We support the principle of amendments which would: reduce the required period of usage within the European Union, permit the inclusion of nutrients with traditional herbal remedies; strengthen the role of the proposed Committee on Herbal Medicinal Products; set a deadline of three years after the Directive coming into force for the completion of the proposed review of the Directive.
We intend to oppose the principle of automatic recognition of registrations or authorisations previously granted to a product in other member states since we believe this could serve to reduce flexibility available to member states; also, historical differences in the way member states have regulated similar products would be likely to create difficulties for a member state seeking to follow a consistent interpretation of the distinction between well established use, for the purposes of a marketing authorisation, and traditional use. We will oppose, on public health grounds, the principle of allowing new combinations of active medicinal ingredients without evidence of traditional use of that combination, although we will continue to look for ways during negotiations of maximising the possibilities for demonstrating traditional use of herbal combinations.
We will oppose the principle of restricting the Directive to ingredients for which there is well documented experimental and clinical evidence of efficacy, as this would run counter to the principle of accepting evidence of traditional usage in place of the normal requirement to demonstrate the efficacy of medicines and could erect an additional regulatory hurdle.
We will consider further the specific proposal to amend the definition of herbal medicinal product in relation to the extent of pharmacological activity.

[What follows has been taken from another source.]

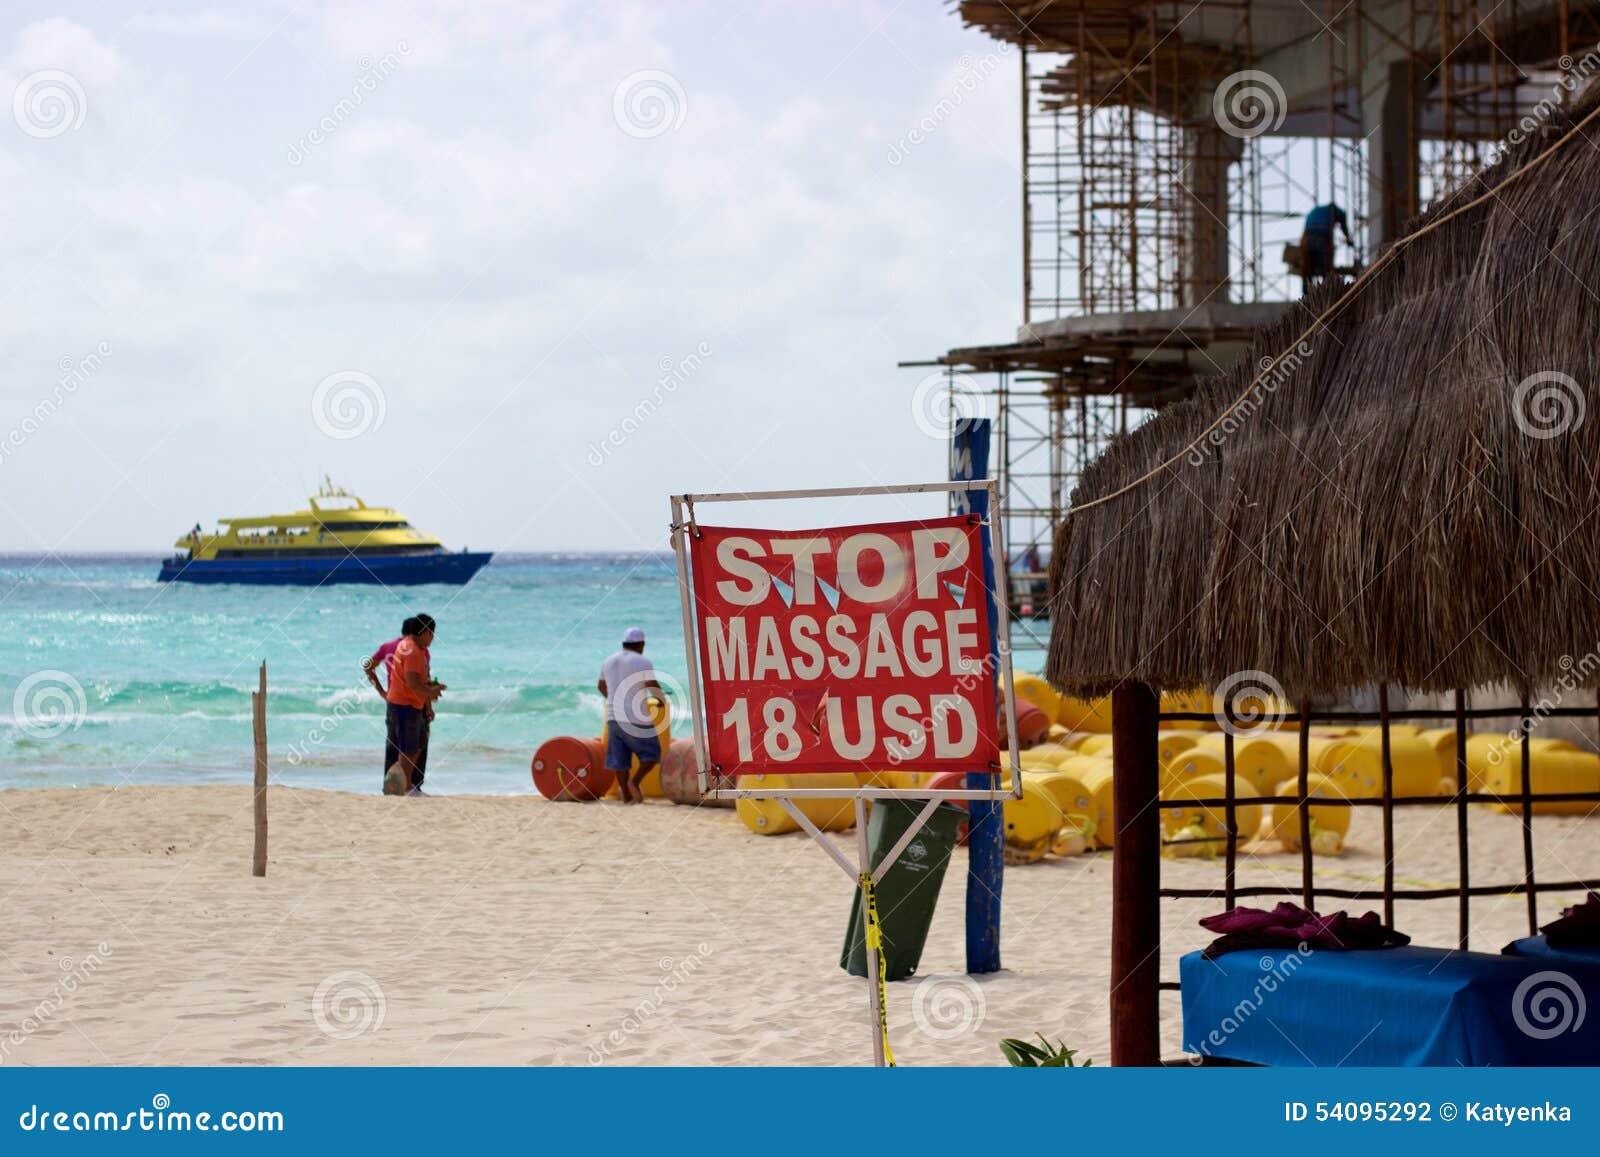 Best Sea Food Restaurant In Playa Del Carmen
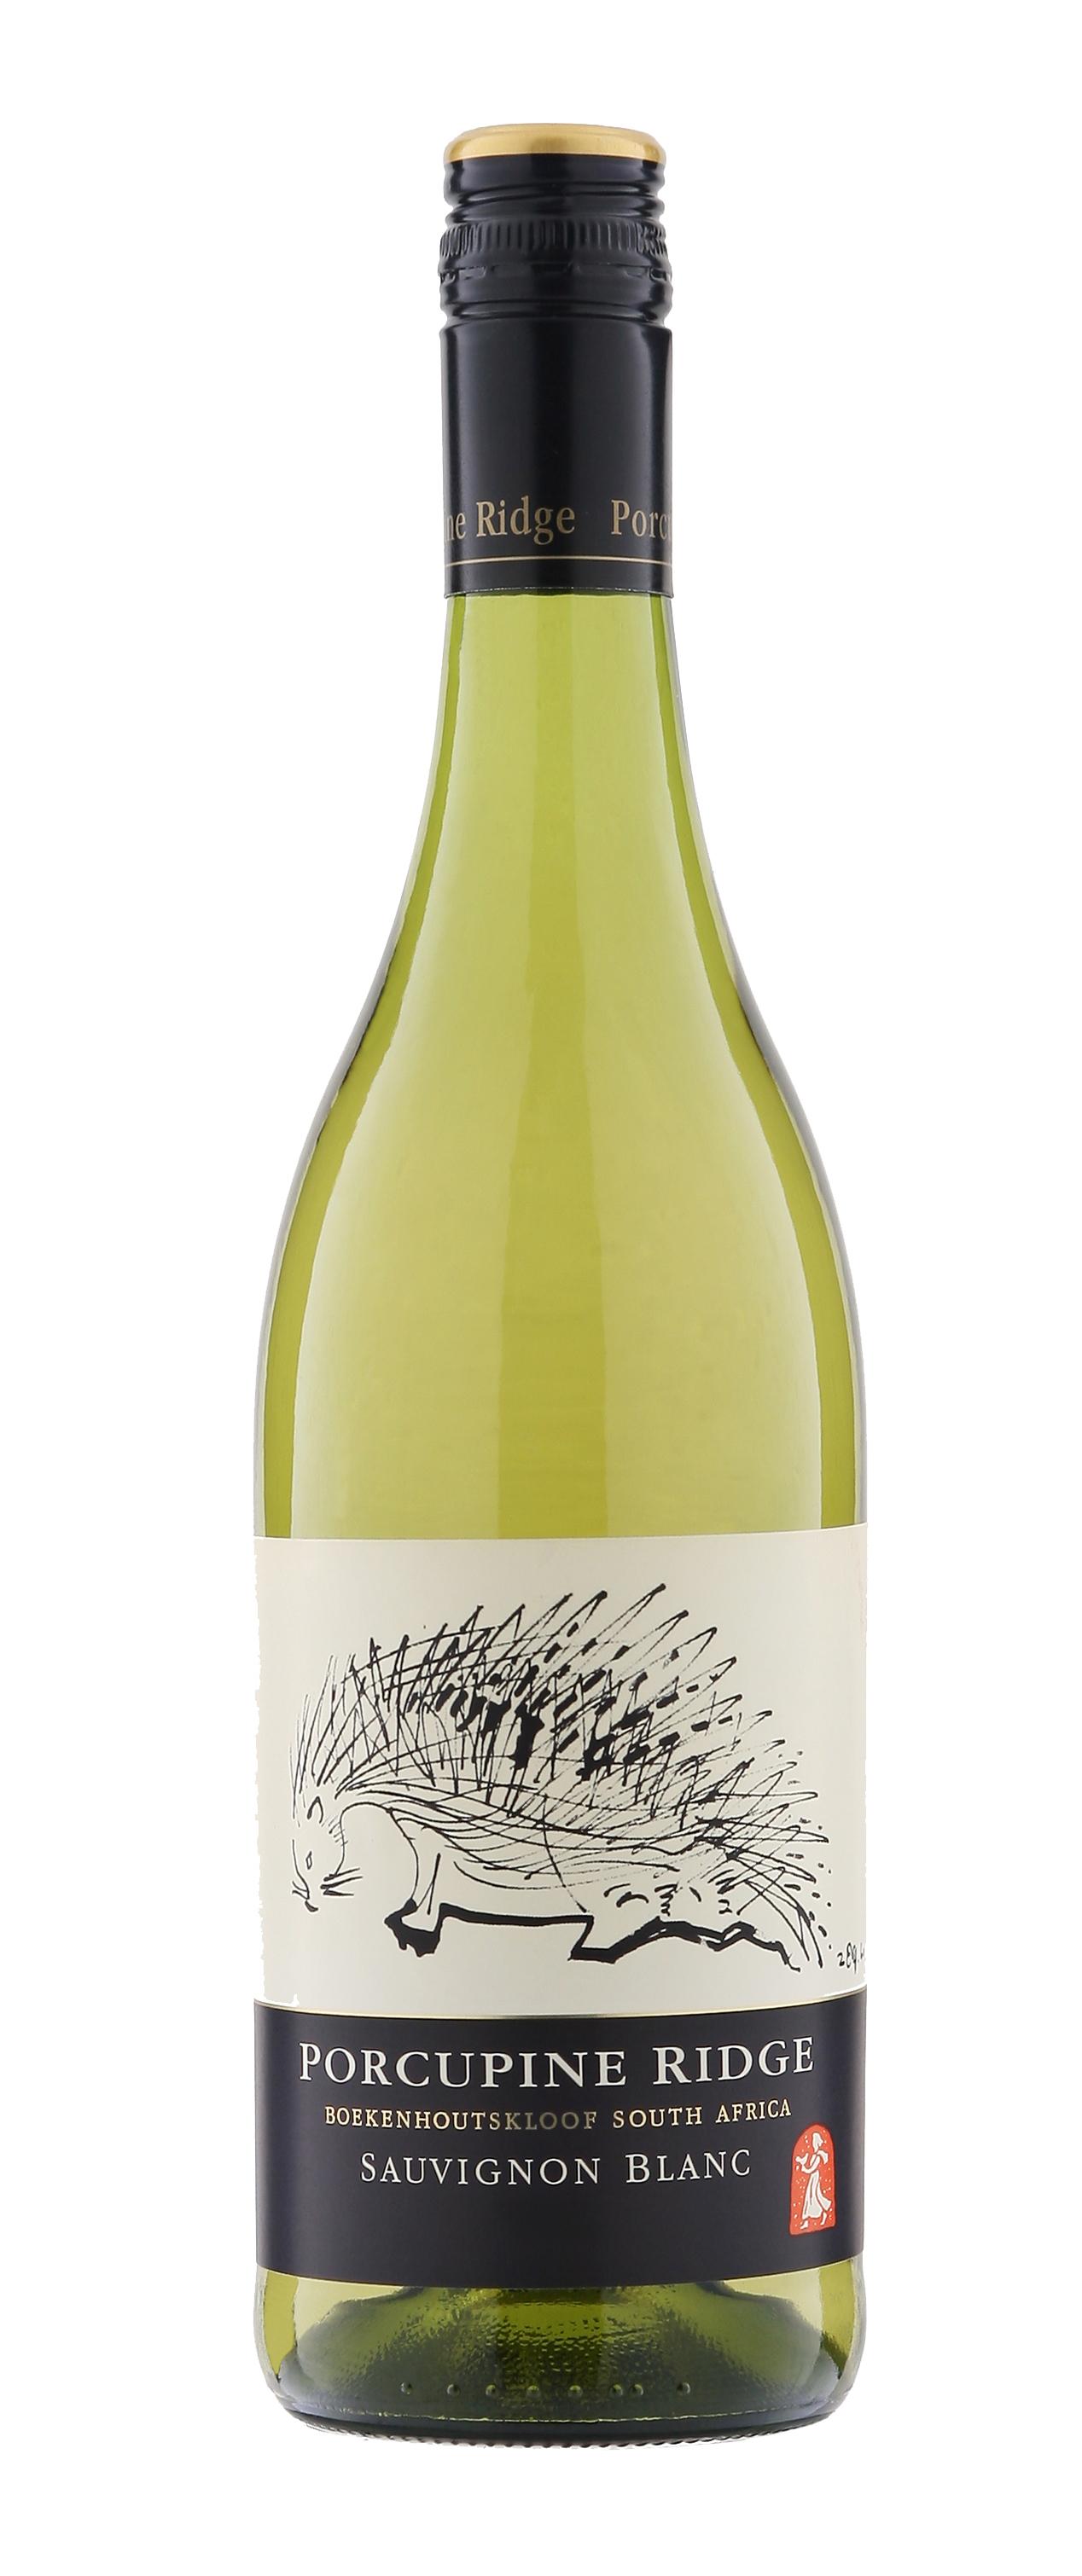 Porcupine Ridge Sauvignon Blanc Bottle.jpg

As drafted this could rule out a number of products from achieving registration, in particular where medicines are regarded as medicinal by virtue of their presentation. Also we have doubts about the advisability of amending the definition of a medicinal product in relation to herbal medicines only, when issues relating to levels of pharmacological activity also affect other categories of medicine. However, this regulatory area is a complex one and we will continue to be open to dialogue on this issue, whether in domestic discussions with the herbal sector or European negotiations.
We will consider further the principle of removing the labelling and advertising requirement to indicate that efficacy of traditional use product is not clinically proven. The potential advantages of a more positive presentation of products registered under the proposed traditional use scheme need to be weighed against the possible risk of weakening the incentive for companies to research the efficacy of herbal medicines.